CSL’s innovative approach ensuring Hemgenix delivers for patients

CSL (ASX:CSL) presented new HOPE-B Phase III data confirming the five-year durability of Hemgenix (etranacogene dezaparvovec), the only gene therapy for hemophilia B, at the American Society of Hematology (ASH) Annual Meeting earlier this month.

These data, which were also published in the New England Journal of Medicine (NEJM), showed sustained near-normal factor IX (FIX) activity, bleed protection and favorable safety in adults with severe or moderately severe hemophilia B.

Indeed, as many as 94% of patients (51 of 54) remained free from the burden of continuous prophylaxis treatment through five years following a single infusion of Hemgenix, demonstrating prolonged therapeutic benefit.

At year five, mean factor IX activity levels remained strong at 36.1% and Hemgenix continued to demonstrate a favourable safety profile

The results—building on the four-year post-infusion data—further increase confidence in a therapy that has won regulatory approval in the US, Europe and other regions,  and been used to treat more than 75 people across eight countries.

‘Makes a huge difference’

Monica De Abadal Salsas, vice president, head of medical affairs, International, CSL, spoke to The Pharma Letter about the importance of the data, the company’s innovative outcomes-based agreements to bring Hemgenix to patients, and how the roll-out has gone so far.

“The data published in NEJM delivers five years durability and sustained near to normal FIX activity levels, greater bleed protection compared to prophylaxis, and significant decrease of FIX prophylaxis consumption, while maintaining a favorable safety profile,” she explained.

“It highlights the meaningful reduction in joint bleeds that are a major cause of pain and disability in people living with hemophilia. For them, chronic joint pain and long-term joint damage are very common complications. And that translates into reduced mobility and much lower quality of life. 

“By decreasing the bleeds, Hemgenix has the potential to offer these patients a reduced physical burden of hemophilia.

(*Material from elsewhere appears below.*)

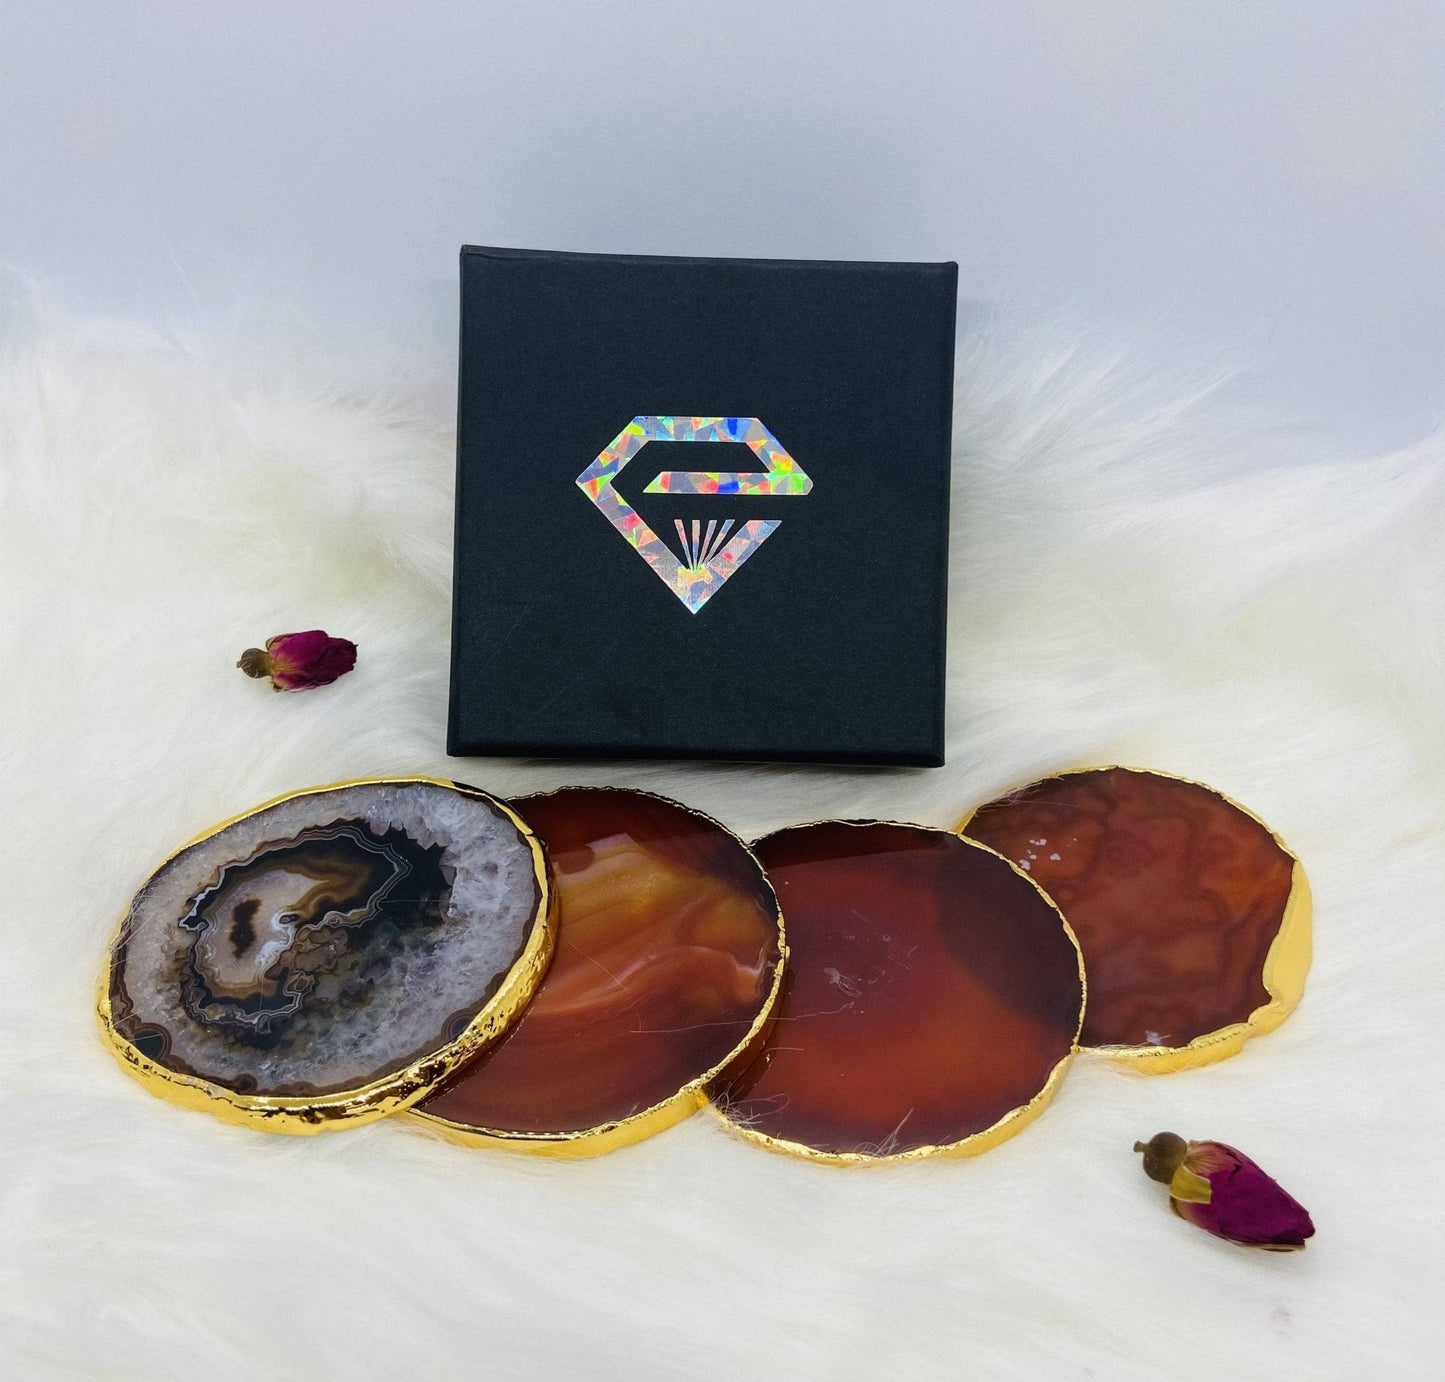 Natural Chalcedony Luxury Agate Round Coasters - Black Diamonds New York-Black Diamonds New York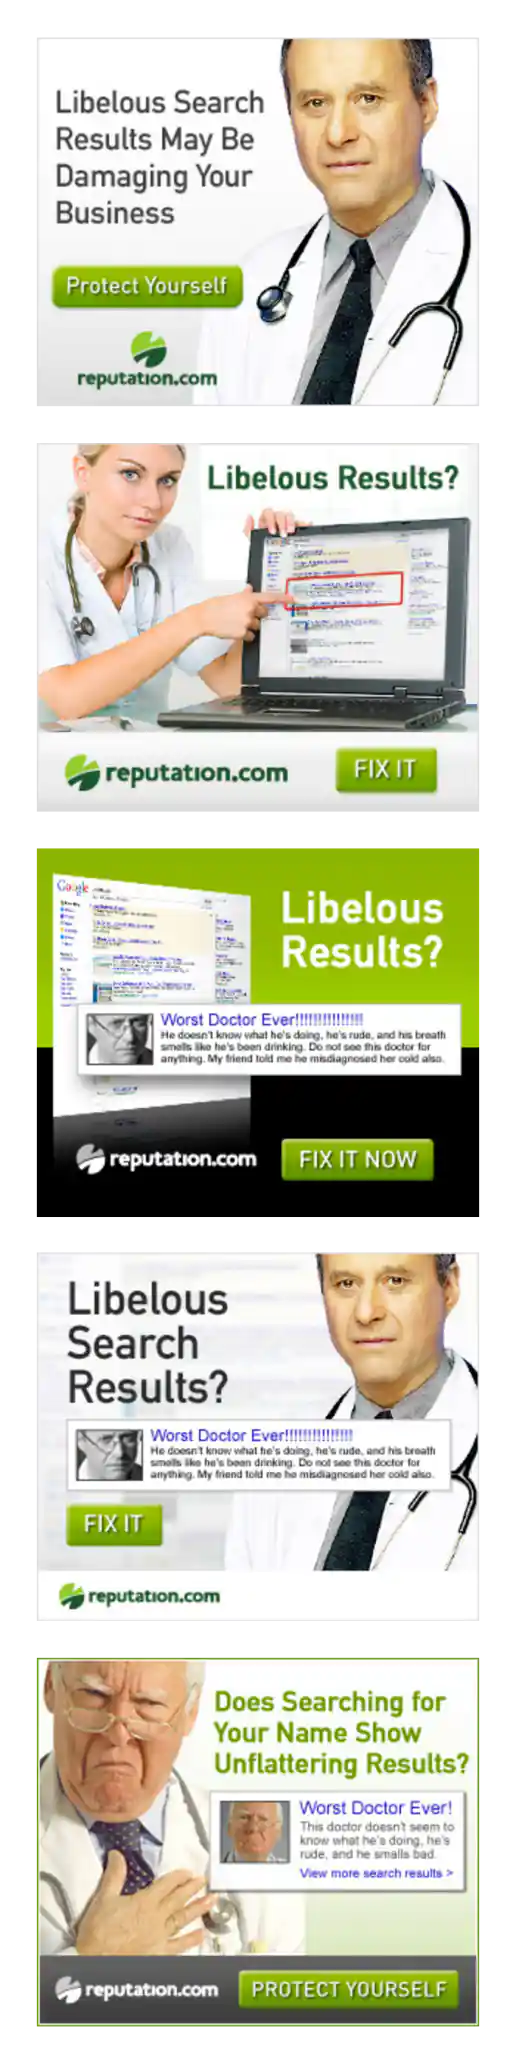 Reputation.com Fix Libelous Search Results Banner Ad Directions

Many people with hemophilia find themselves having to think about their disease all the time because they need to think about “what if I bleed?” That’s an emotional and mental impact for them. 

“So, the fact that they now don’t have to think about having to have their prophylaxis treatment, makes a huge difference.”

Outcomes-based agreements 

Since launch, feedback from treatment centers has been positive, and CSL continues to work closely with healthcare systems to support the roll-out as Hemgenix is a gene therapy that represents a paradigm shift in the field of rare disease treatment. 

“Adoption requires naturally some time for health care systems to establish the infrastructure and the appropriate pathways,” Dr De Abadal Salsas said. “That means that CSL is working very closely with physicians, patient groups, treatment centers and health care systems on medical education, on management of hemophilia, but also on supporting that treatment process. 

“The health care systems need also to be prepared to identify those eligible patients, administer gene therapy and have the appropriate infrastructure for those specialized centers.” 

CSL is confident that, as the company continues to secure positive reimbursement decisions for Hemgenix, it can continue to expand patient access globally, reflecting growing momentum and recognition of its innovative therapy.

It is not just with Hemgenix itself where CSL is delivering innovation. The company is pioneering innovative outcomes-based agreements and working with healthcare systems to implement these in real-world settings.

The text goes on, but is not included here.